In [1]: import pandas as pd
...: import numpy as np
...:
In [2]: pd.__version__
Out[2]: '0.20.3'
In [3]:
In [3]: a = pd.DataFrame( np.random.random(100).reshape(10,10) )
In [4]: a.iloc[:,0] = "a_str"
In [5]: a.iloc[3:10,0] = "b_str"
In [6]: def f(group):
...: print( type( group) )
...: print( group.shape )
...: print( "done this function" )
...:
In [7]: a.groupby(0 , axis = 0).apply(f)
<class 'pandas.core.frame.DataFrame'>
(3, 10)
done this function
<class 'pandas.core.frame.DataFrame'>
(3, 10)
done this function
<class 'pandas.core.frame.DataFrame'>
(7, 10)
done this function
Out[7]:
Empty DataFrame
Columns: []
Index: []
In [8]: a.iloc[:,0]
Out[8]:
0 a_str
1 a_str
2 a_str
3 b_str
4 b_str
5 b_str
6 b_str
7 b_str
8 b_str
9 b_str
Name: 0, dtype: object
In [9]: set(a.iloc[:,0].values)
Out[9]: {'a_str', 'b_str'}
Problem description
the DataFrame is grouped by the first coloum, and then it applied a function. The first apply will perform twice. Is it a bug or something wrong with my code?

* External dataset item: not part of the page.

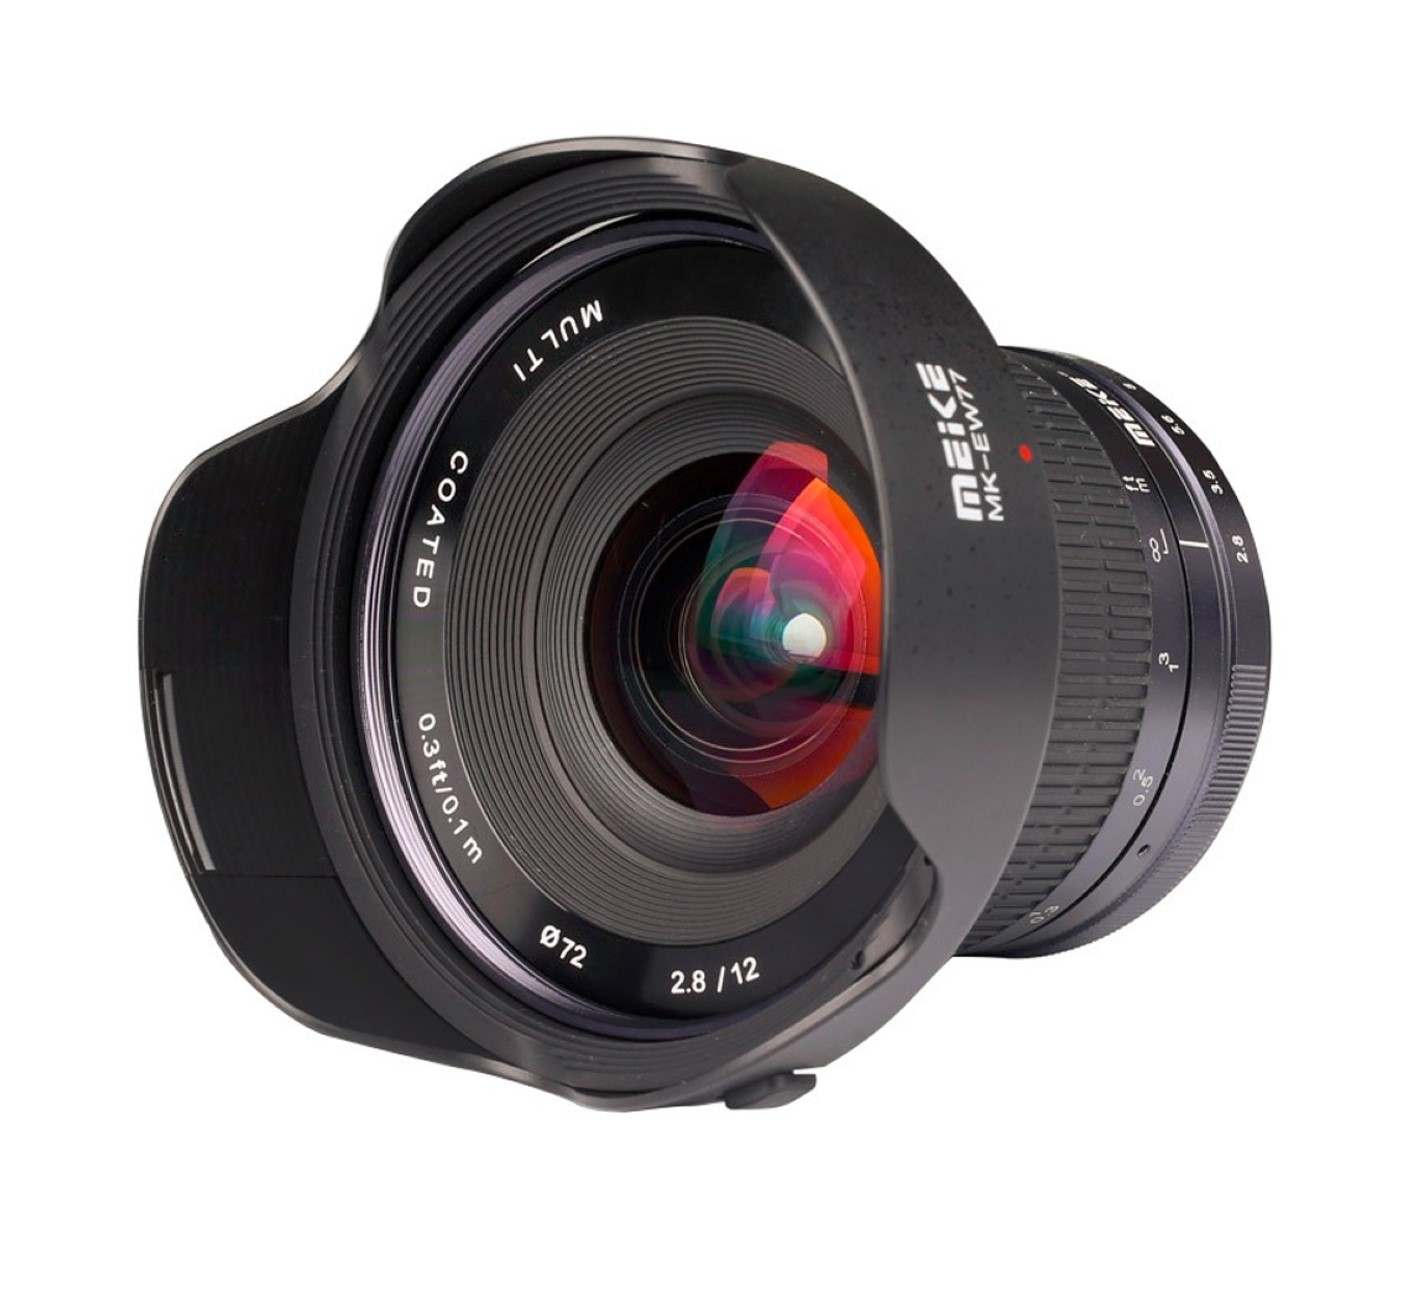 MEIKE 12mm f2.8 für Ultra-Weitwinkelobjektiv, X-Mount, Fujifilm Schwarz

I have also tried different str named column it will do it twice as well.
Best wishes, Yilang.
Comment From: jreback
see the big read box:http://pandas.pydata.org/pandas-docs/stable/groupby.html#flexible-apply this is an implementation detail.
Comment From: cyrushu
Thanks a lot~